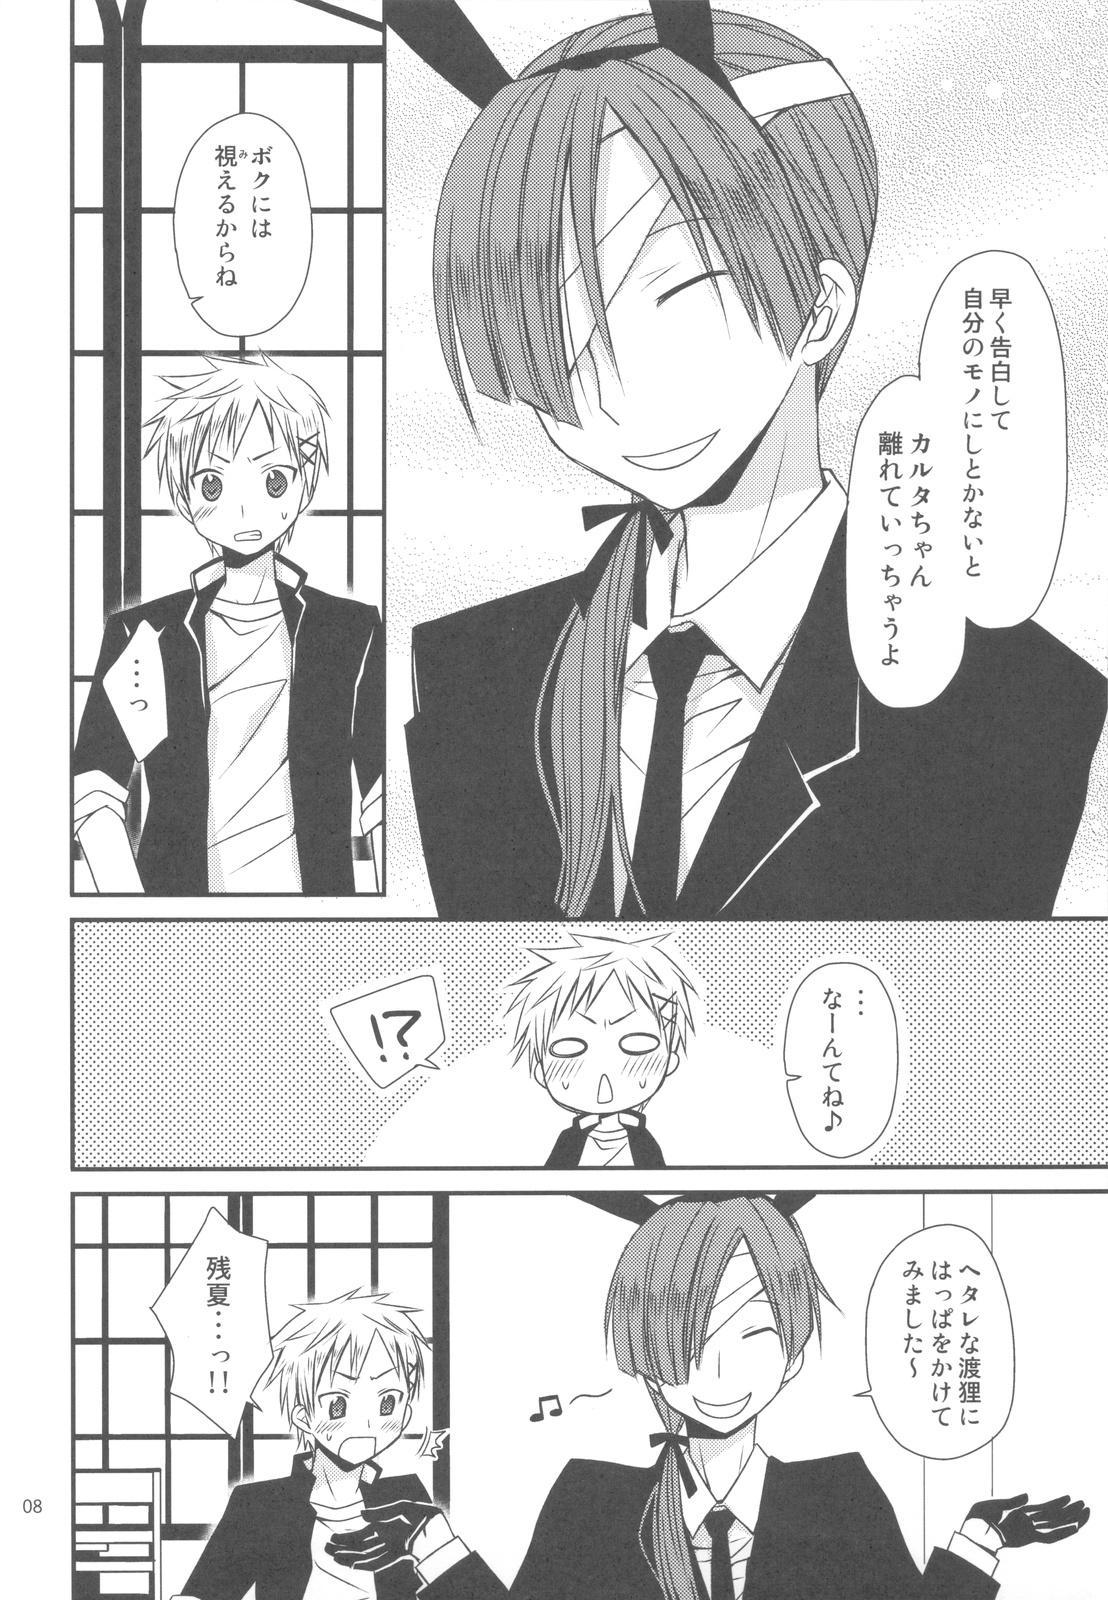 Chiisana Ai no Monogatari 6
::::
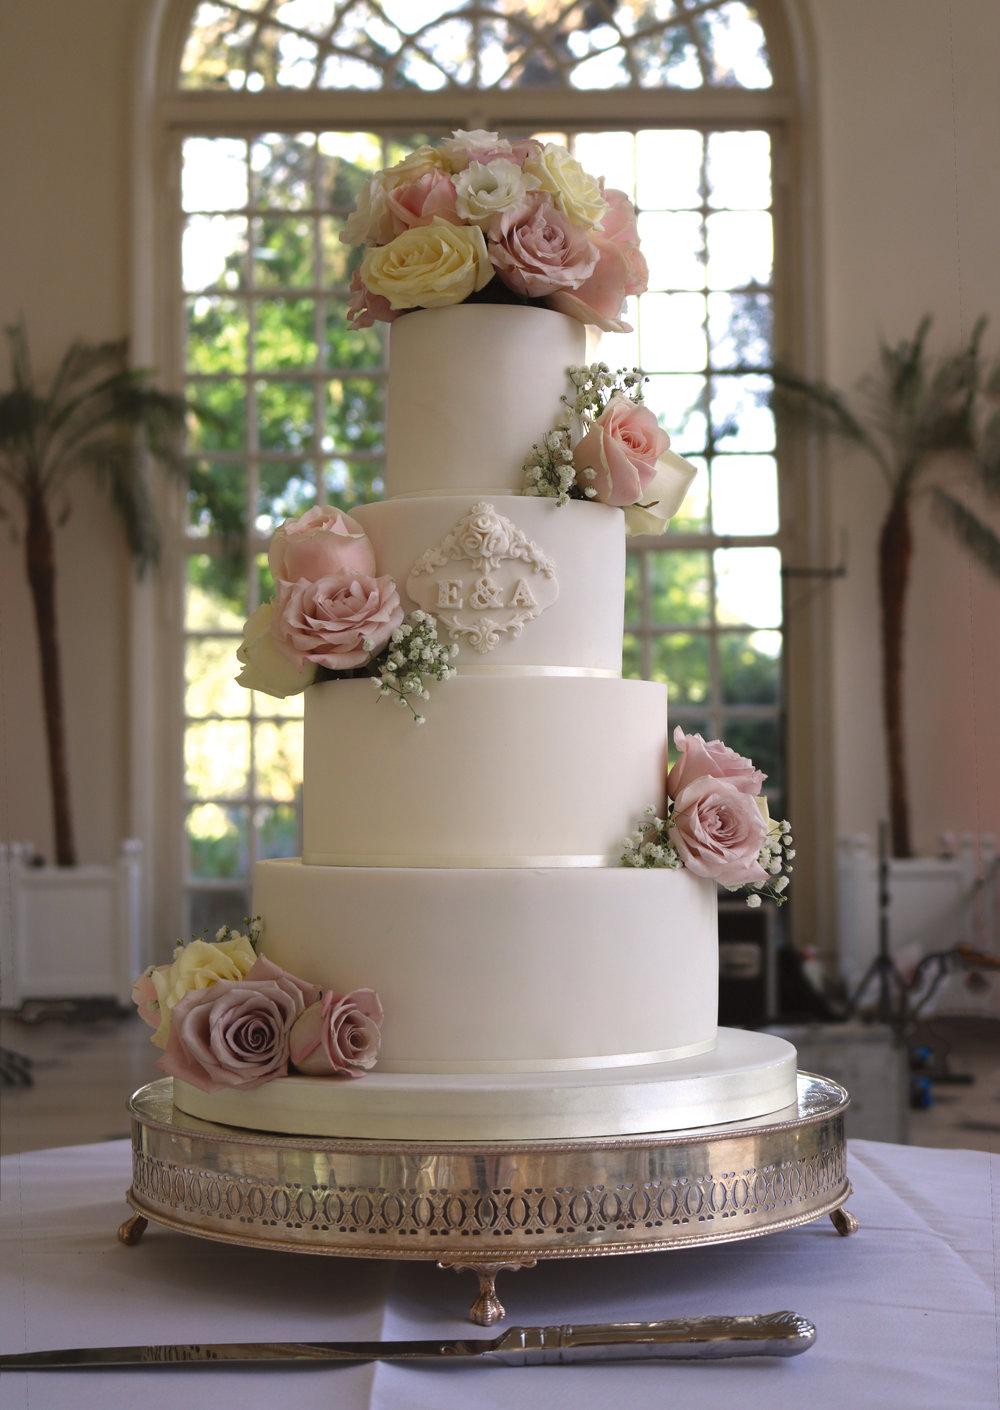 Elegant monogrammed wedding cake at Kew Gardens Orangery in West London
::::
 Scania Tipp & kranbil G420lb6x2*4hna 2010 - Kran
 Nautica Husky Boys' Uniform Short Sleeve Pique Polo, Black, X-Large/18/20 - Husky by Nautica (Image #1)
::::
Work order ▸
Within the listing above, give again exactly every line from the line with "Scania Tipp &" through the line with "Nautica Husky Boys'", both included, and no other line.

Expected answer ▸
 Scania Tipp & kranbil G420lb6x2*4hna 2010 - Kran
 Nautica Husky Boys' Uniform Short Sleeve Pique Polo, Black, X-Large/18/20 - Husky by Nautica (Image #1)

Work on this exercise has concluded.